0.79 parts of the heat-dissipating filler EF1 obtained in Synthesis Example 1 and 0.856 parts of silicone oil KF-54 manufactured by Shin-Etsu Chemical Co., Ltd. were weighed and mixed to prepare a liquid resin composition (Example 13) . In Comparative Example 5, a heat-dissipating liquid composition was prepared in the same manner as in Example 13 except that Serase 07070 manufactured by Kinsei Matec Co., Ltd. was used.
[Measurement of thermal conductivity]
The thermally conductive liquid composition of Example 13 and Comparative Example 5 was conducted by using a thermal conductivity measuring device TCM1000 manufactured by Rhesca Co., Ltd. and sandwiching the thermally conductive liquid composition between the copper blocks for evaluation. Determination of thermal conductivity.
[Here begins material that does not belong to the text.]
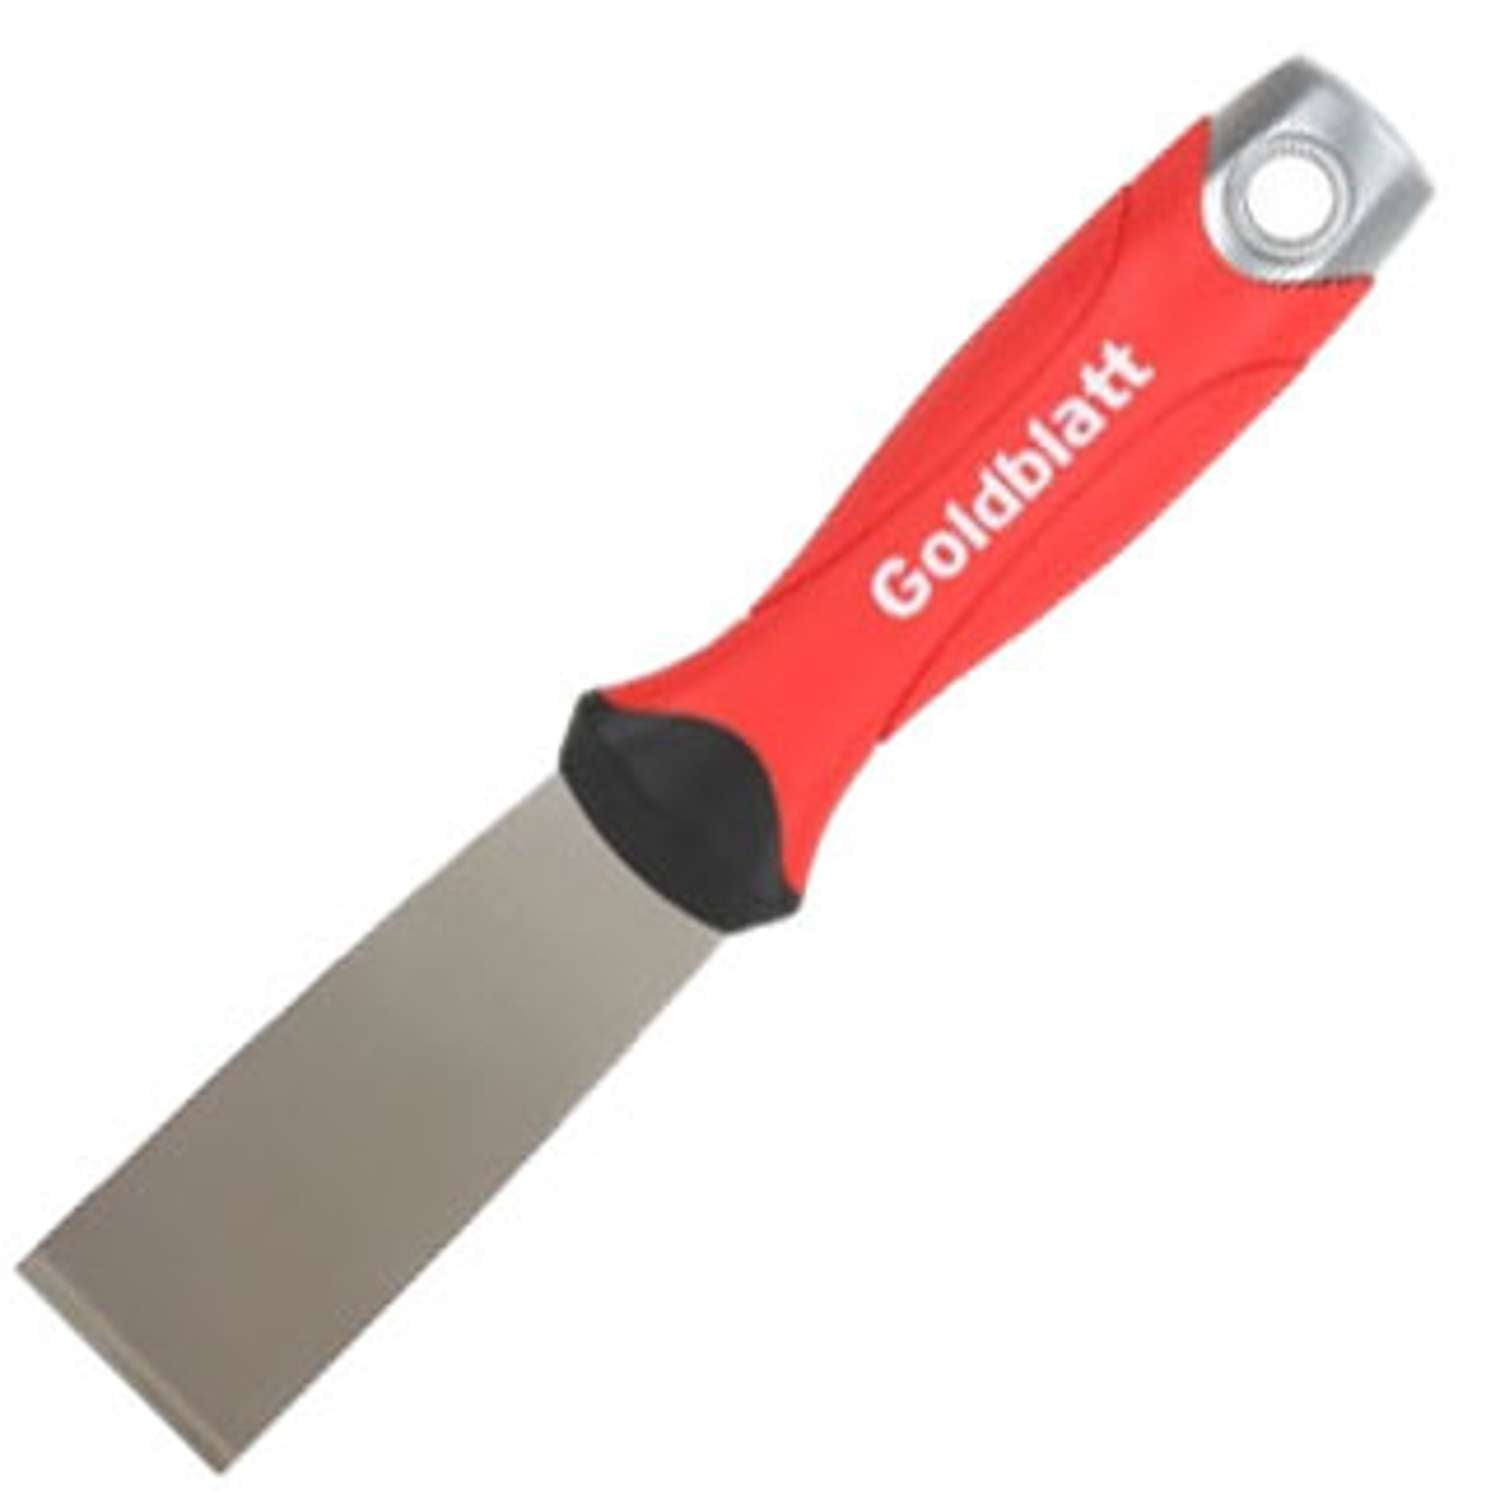 Billede af Goldblatt Stiv spartel/skraber soft grip med hammer ende 32 mm HEAVY DUTY Stift

The viscosity of the heat-dissipating liquid composition was measured by the same method as described above. The above evaluation results are shown in Table 8.

[TABLE 8]

As can be seen from the comparison of Table 2, Table 4, and Table 6, it is obvious that the contact angle of the plate-shaped alumina obtained by using plate-shaped alumina with more silicon oxide content and reacting it with the organosilane compound is higher. As the affinity for the resin is improved, the thermal conductivity of the molded article (radiating member) is further improved.
[Industrial availability]

Since the resin composition of the present invention is excellent in fluidity and heat dissipation, it can be preferably used as a heat dissipation material. In particular, it can be preferably used as a heat radiation member such as a heat radiation paint or a heat radiation adhesive.

no

no

Claims (7)

A resin composition containing plate-shaped alumina (A) and resin (B) as essential components. The plate-shaped alumina (A) contains silicon in the form of an atom and / or an inorganic compound. A resin composition containing plate-shaped alumina (A) and resin (B) as essential components. The plate-shaped alumina (A) contains silicon atoms and / or inorganic silicon compounds, and molybdenum atoms and / or inorganic molybdenum compounds. . The resin composition according to item 1 or item 2 of the patent application scope, wherein the plate-shaped alumina (A) is characterized by the silicon atom and / or the inorganic silicon compound being biased to exist on the surface of the plate-shaped alumina, and is borrowed. Plate-shaped alumina having a ratio [Si] / [Al] of silicon concentration to aluminum concentration measured by X-ray photoelectron spectroscopy (XPS) of 2.0% to 50.0%. The resin composition according to any one of claims 1 to 3, wherein the plate-shaped alumina (A) is a plate-shaped alumina having a contact angle with water of 30 to 80 degrees. The resin composition according to any one of claims 1 to 4, in which the resin (B) is a thermoplastic resin. A formed article is formed by molding the resin composition according to any one of claims 1 to 5 of the scope of patent application. The formed body according to item 6 of the patent application scope, which is a heat dissipation member.